| REQUIREMENT |
Taking the line with "Lambeijos, Carla Ruas - Tipos de Latidos" as the first and the last line of the listing as the final one, please copy exactly those lines and no others, without pictures.

| INPUT DATA |
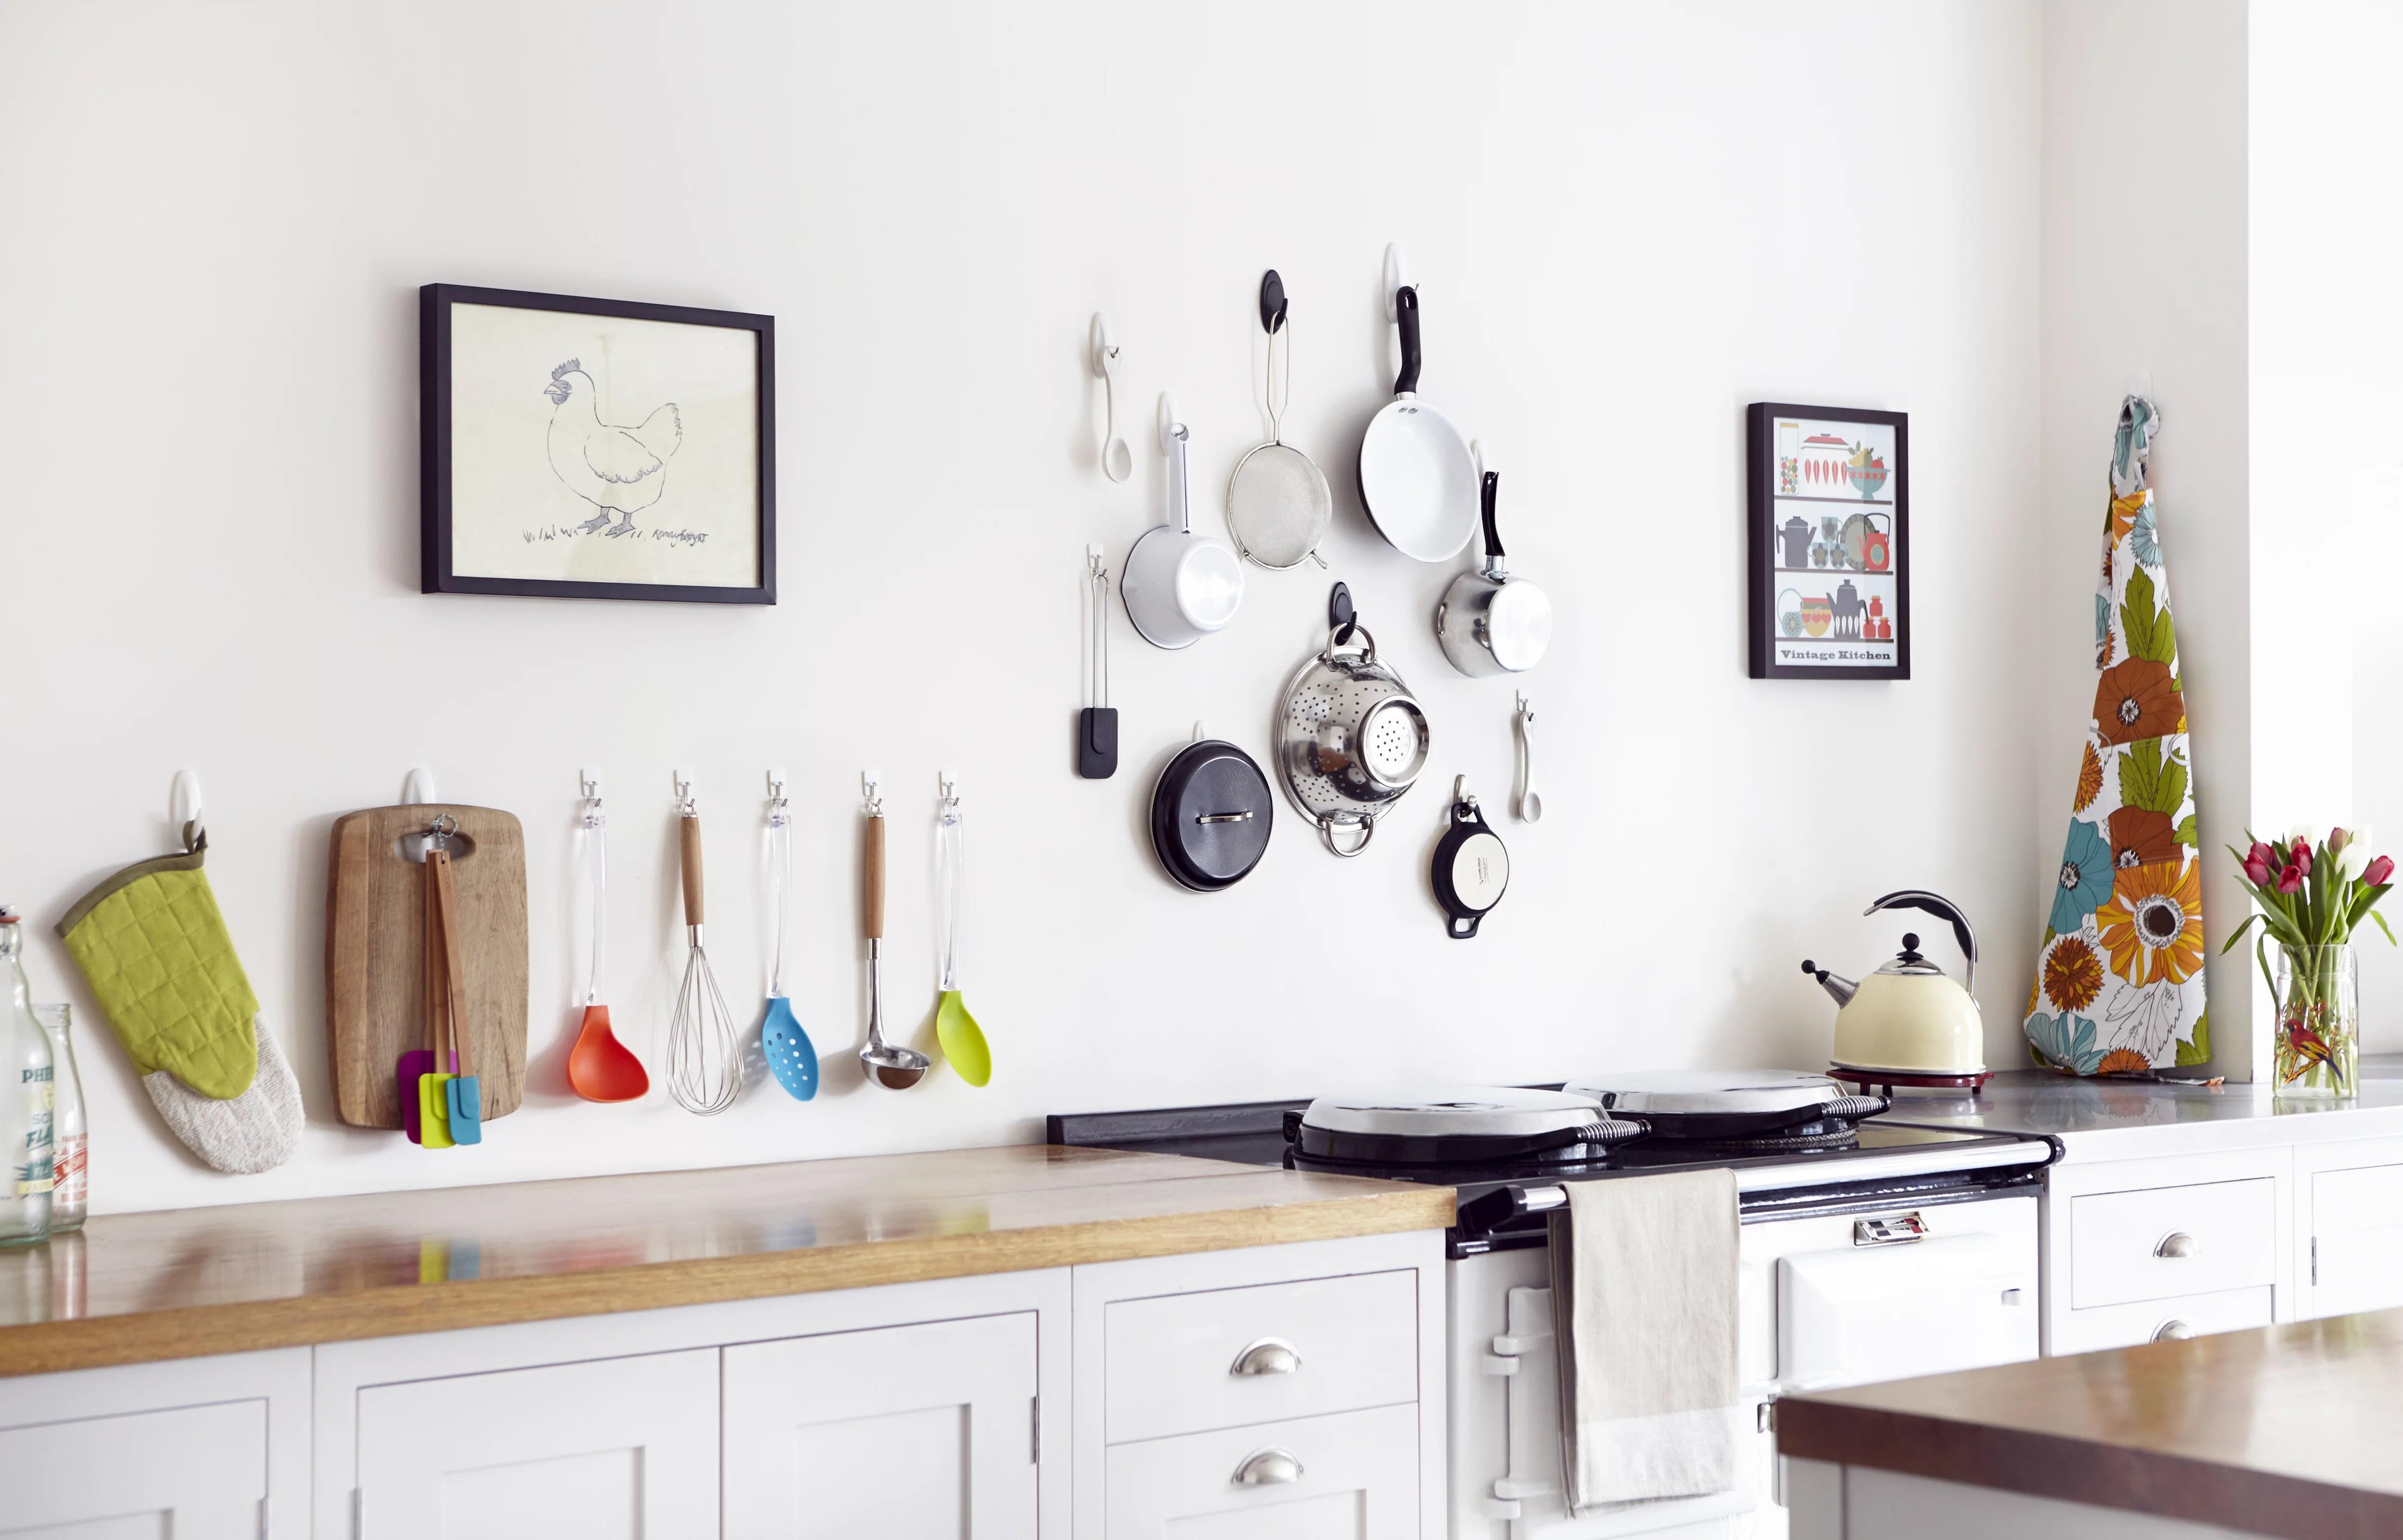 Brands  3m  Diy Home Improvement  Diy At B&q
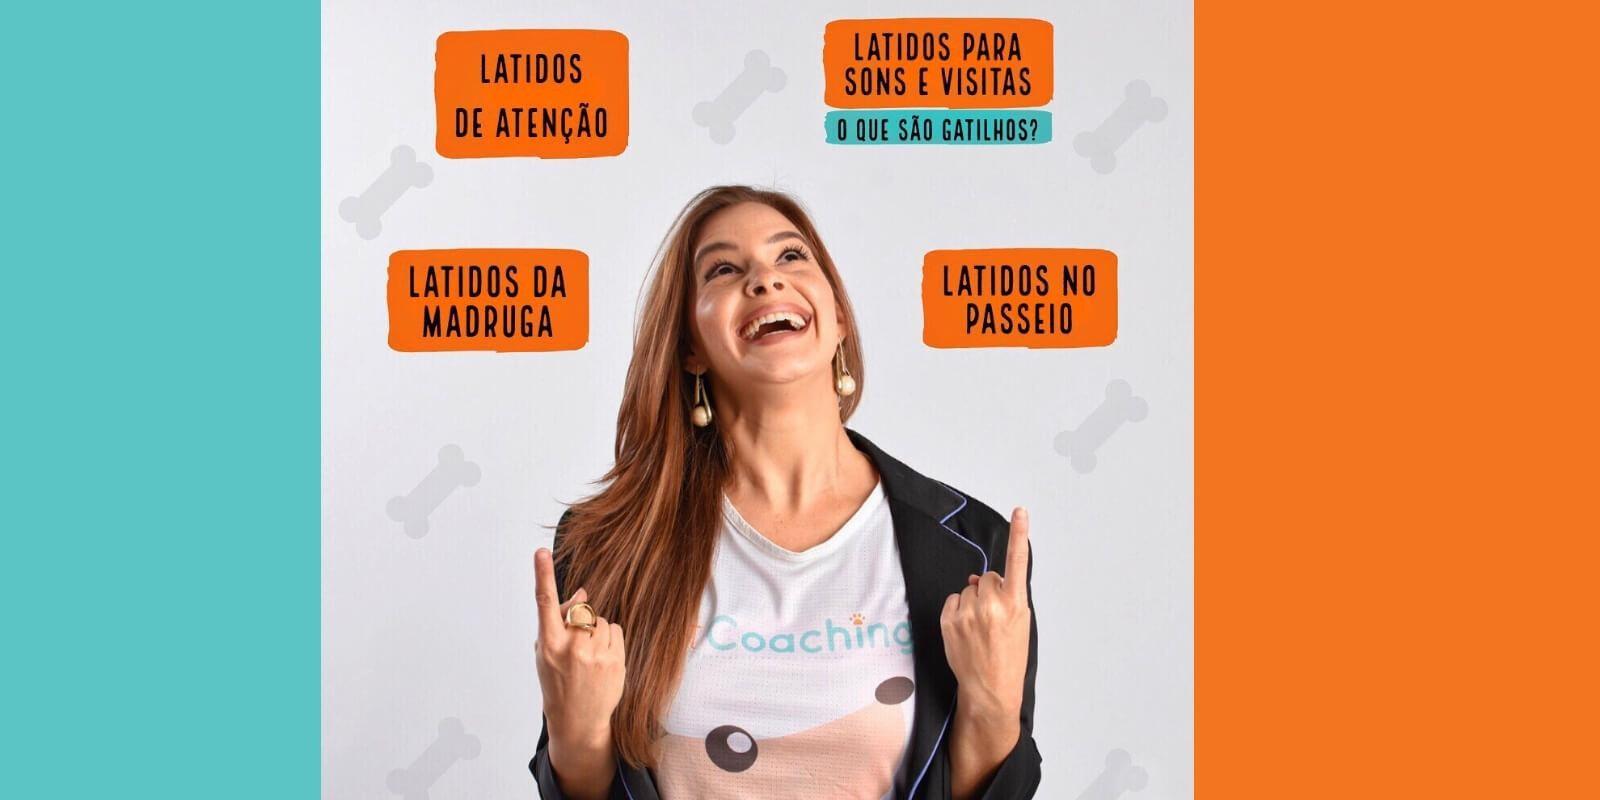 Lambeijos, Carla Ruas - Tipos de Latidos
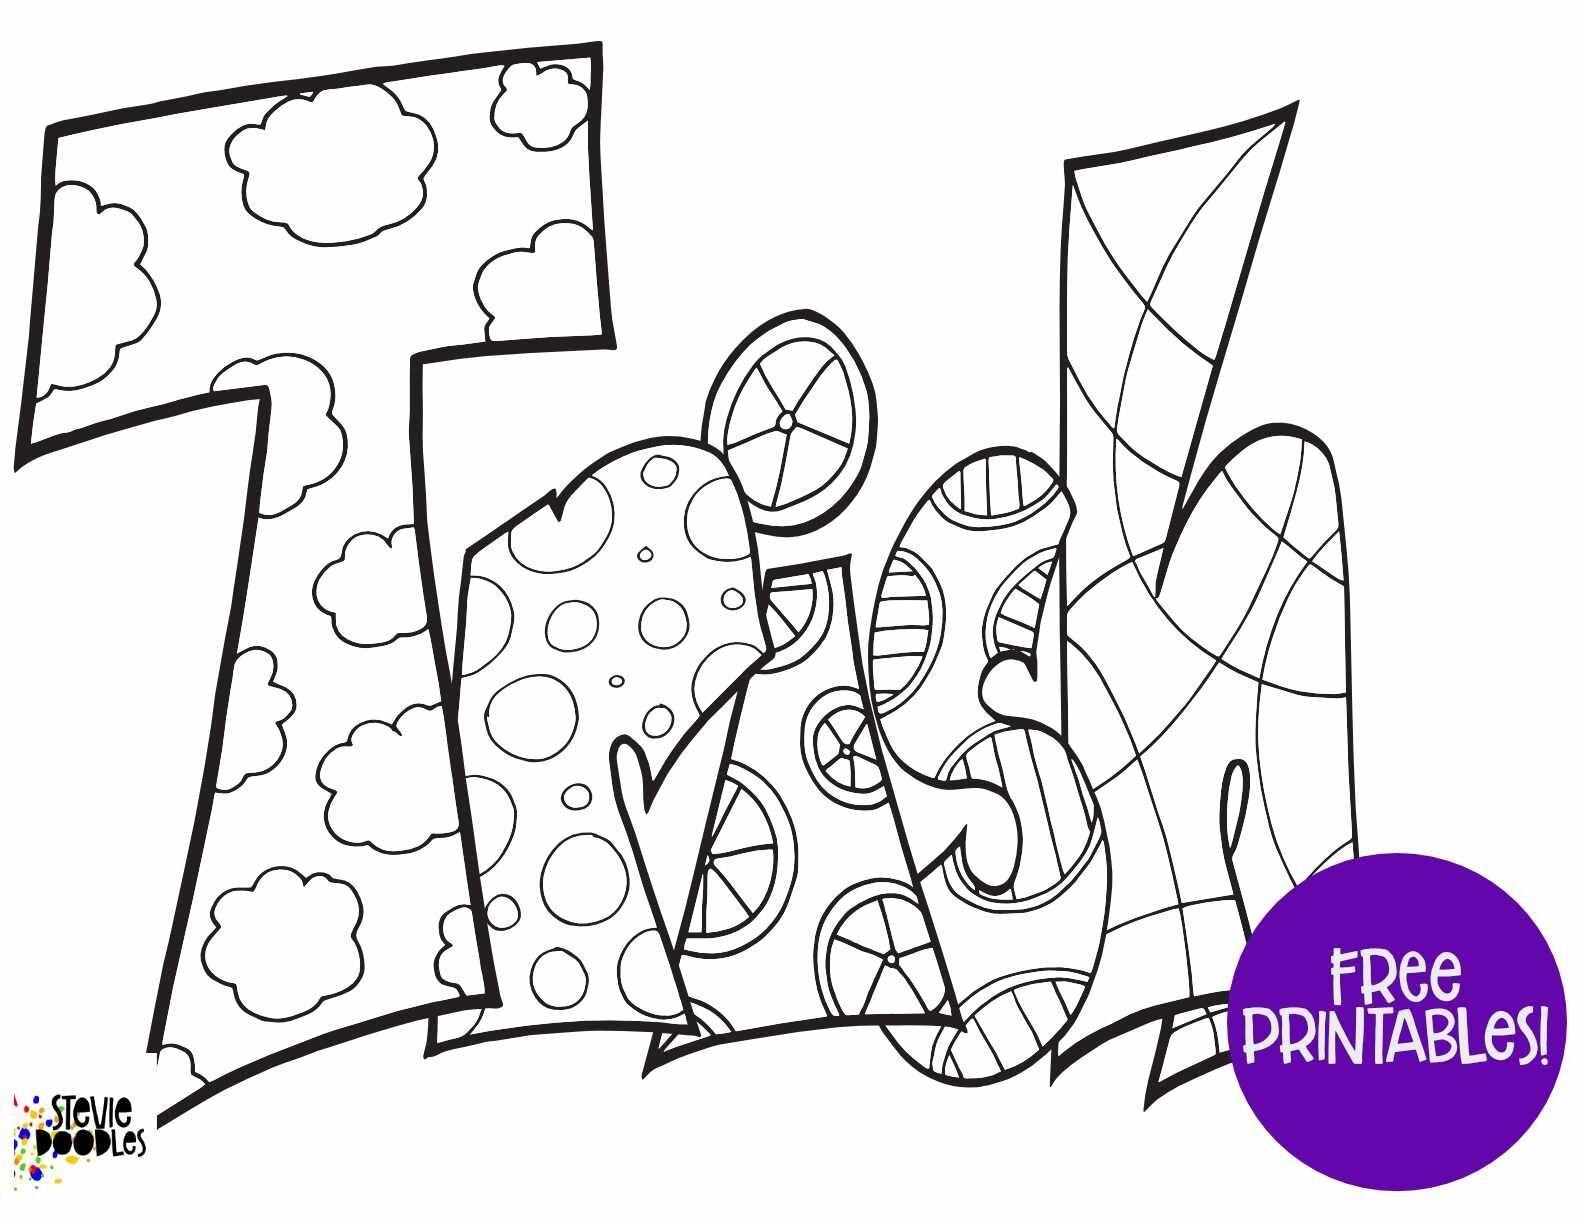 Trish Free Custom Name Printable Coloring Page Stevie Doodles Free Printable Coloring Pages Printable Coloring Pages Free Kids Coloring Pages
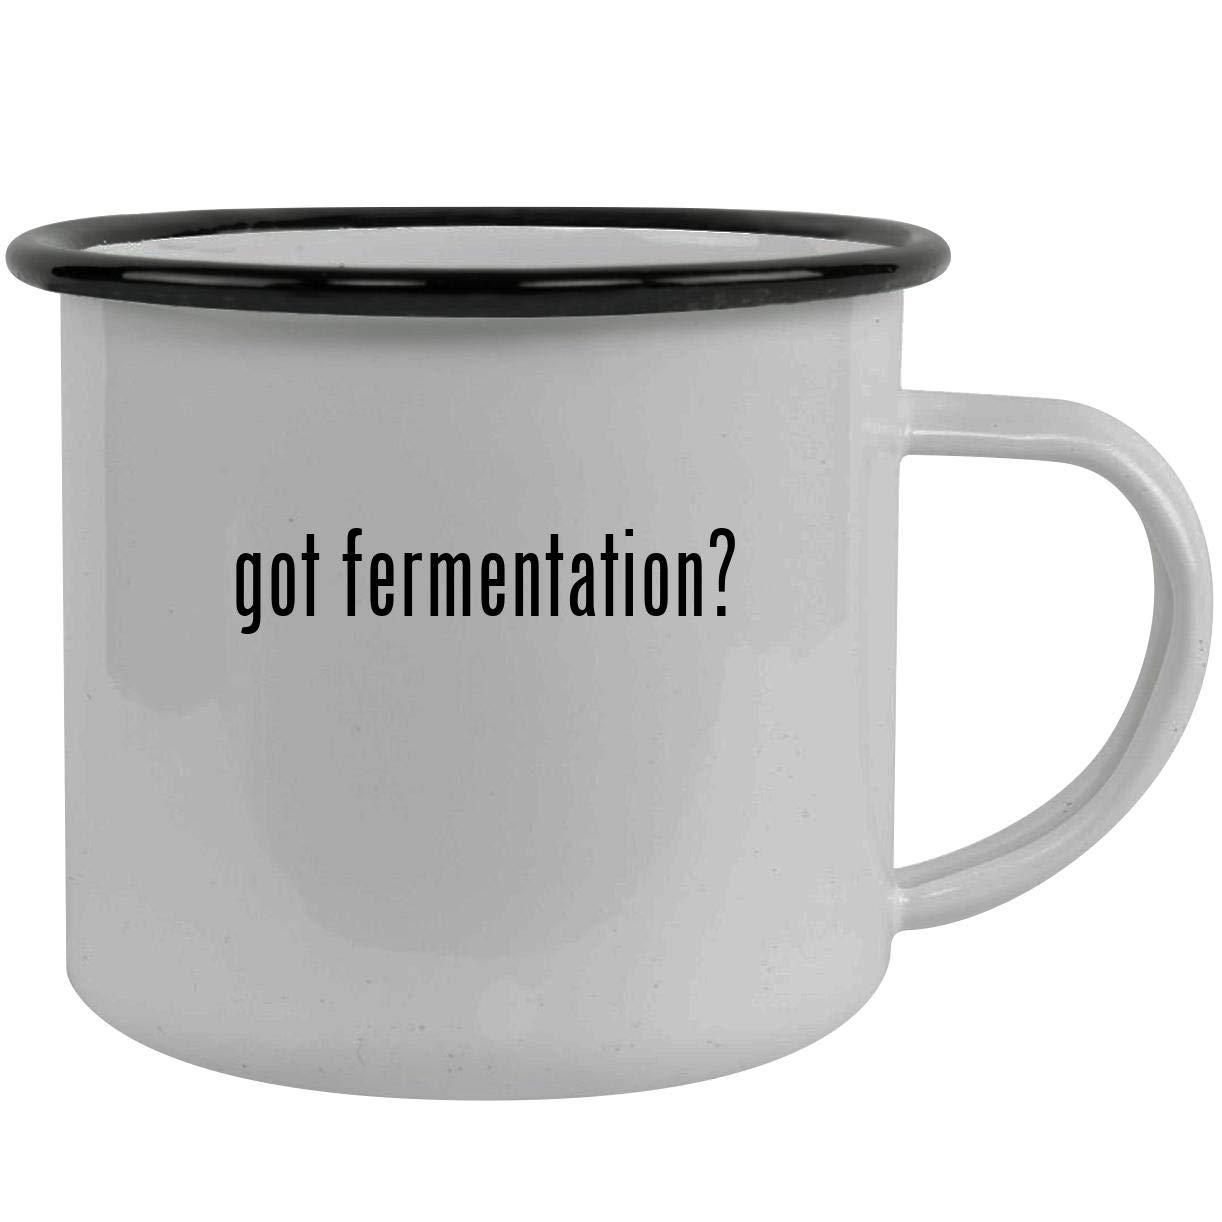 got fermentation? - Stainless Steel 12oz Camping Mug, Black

| TASK SOLUTION |
 Lambeijos, Carla Ruas - Tipos de Latidos
 Trish Free Custom Name Printable Coloring Page Stevie Doodles Free Printable Coloring Pages Printable Coloring Pages Free Kids Coloring Pages
 got fermentation? - Stainless Steel 12oz Camping Mug, Black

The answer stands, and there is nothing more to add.